Home is an inspiring and poignant picture book, which shines a light on the largely unknown story of the expulsion of three million Sudeten Germans from their homes in East-Central and Southern Europe, between 1945 and 1946. Thousands of these refugees died, while others were assisted in travelling to Australia.


This book is a tribute to all the refugees who were expelled from their homes, and is inspired by the author’s own family history. It depicts the story of a young girl and her parents, who are forced to leave their home in a peaceful mountain village. They are crammed onto trains, where officers check their belongings and take their jewellery. Our young narrator manages to keep her precious heart locket hidden. This locket holds safe the stories of her home, and is a source of comfort, strength and hope as the girl and her family live as refugees, often cold, hungry and afraid.



But, with her precious locket close to her heart, the young girl never gives up hope, and finally comes to realise that home is inside of us, and so can never really be lost. It lives on in our songs, stories and memories.

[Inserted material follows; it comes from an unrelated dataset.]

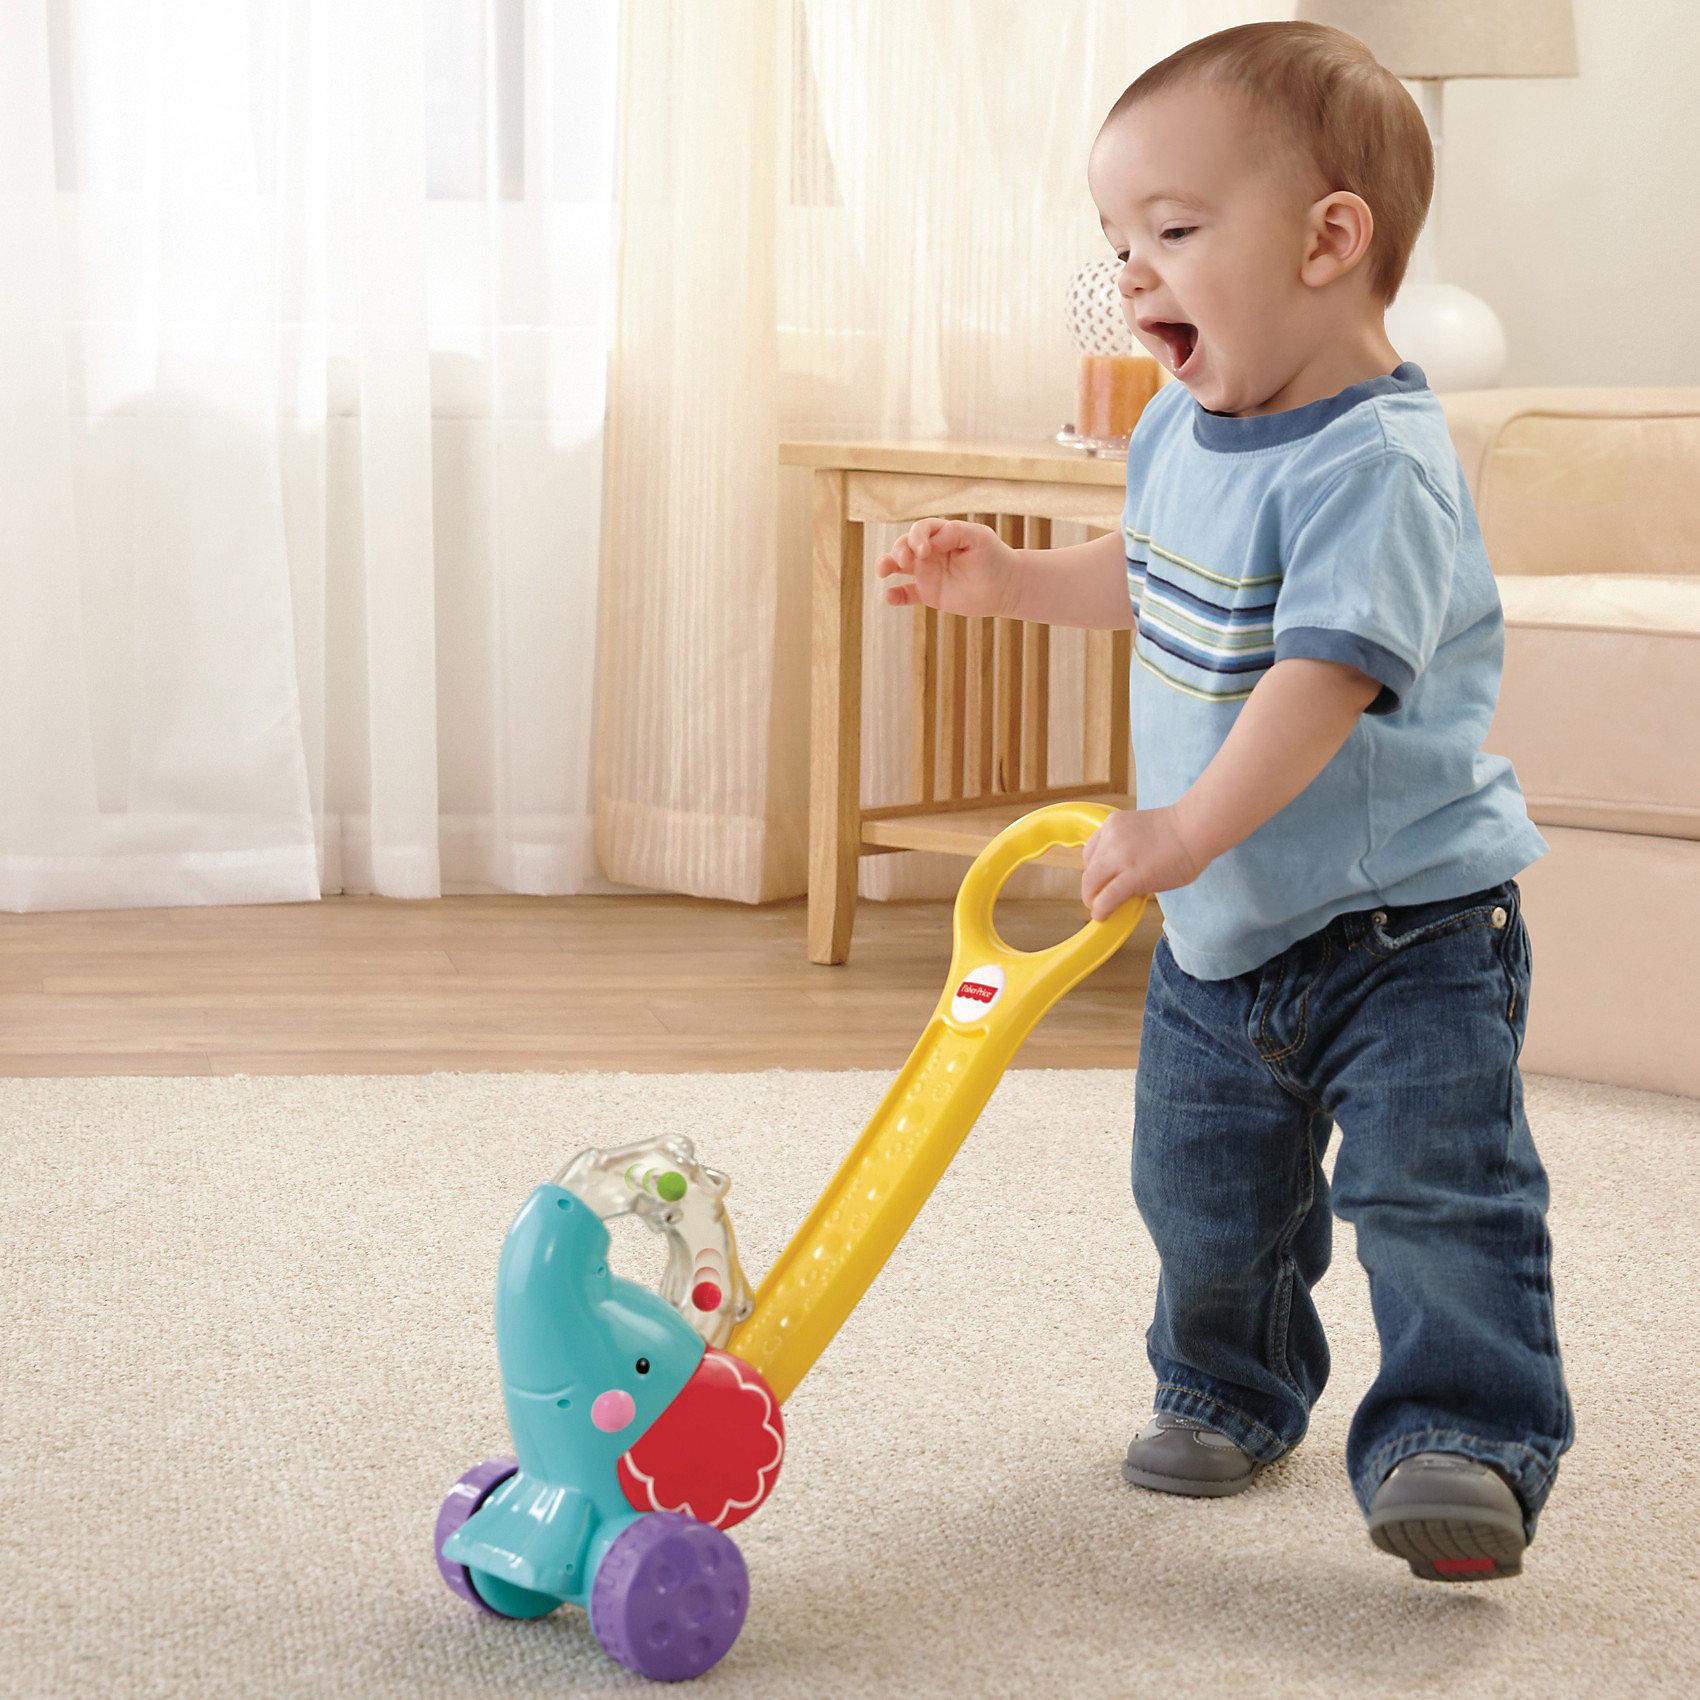 Игрушка-каталка Слоник, Fisher-priceИгрушки-каталки<br>Игрушка-каталка Слоник, Fisher-price (Фишер-Прайс) это красочная развивающих игрушка, которая обязательно привлечет внимание Вашего малыша. Каталка выполнена в виде забавного<br>красочного слоненка с сюрпризом: когда малыш толкает слоненка вперед, из его прозрачного хобота начинают выпрыгивать цветные шарики, это продолжается все время, пока слоненок находится в движении. Подталкивает игрушку за удобную ручку малыш развивает навык поддержания равновесия и координацию движений. В комплект входят 3 ярких шарика.<br><br>Дополнительная информация:<br><br>- Материал: пластик.<br>- Высота ручки-толкателя: 45 см.<br>- Размер упаковки: 29 х 14 х 36 см.<br>- Вес: 2 кг. <br><br>Игрушка способствует развитию двигательной активности, звукового и цветового восприятия, координации движений и мелкой моторики рук.<br><br>Игрушку-каталку Слоник, Fisher-price можно купить в нашем интернет-магазине.<br><br>Ширина мм: 359<br>Глубина мм: 294<br>Высота мм: 144<br>Вес г: 698<br>Возраст от месяцев: 12<br>Возраст до месяцев: 36<br>Пол: Унисекс<br>Возраст: Детский<br>SKU: 3399170

This is a gently told story of courage and hope. The narrative is moving without delving into sentimentality. The illustrations are emotive and expressive –the shadowy background colours conveying the fear and uncertainty of the aftermath of war. However the girl and her parents are always depicted in a soft wash of colours, illuminating their unwavering hope.


I love how this story is accessible to a range of age groups. My 9 and 7 year olds were both interested in and moved by the story. We talked about how frightening it would feel to be forcibly removed from your home and have nowhere to live. This led to further discussion about the plight of refugees – both in history and the current day. Mr 4 was interested in the story too – and was concerned for the young girl and her family.


I would recommend this book for lower through to upper primary school aged readers. There is much to be discussed around themes of home, belonging, fear, courage, history and refugees.


Hope ultimately shines through this story like a light flickering in the dark.


Thank you to the author and publisher for my copy of this incredible book and for having me along on the Blog Review Tour.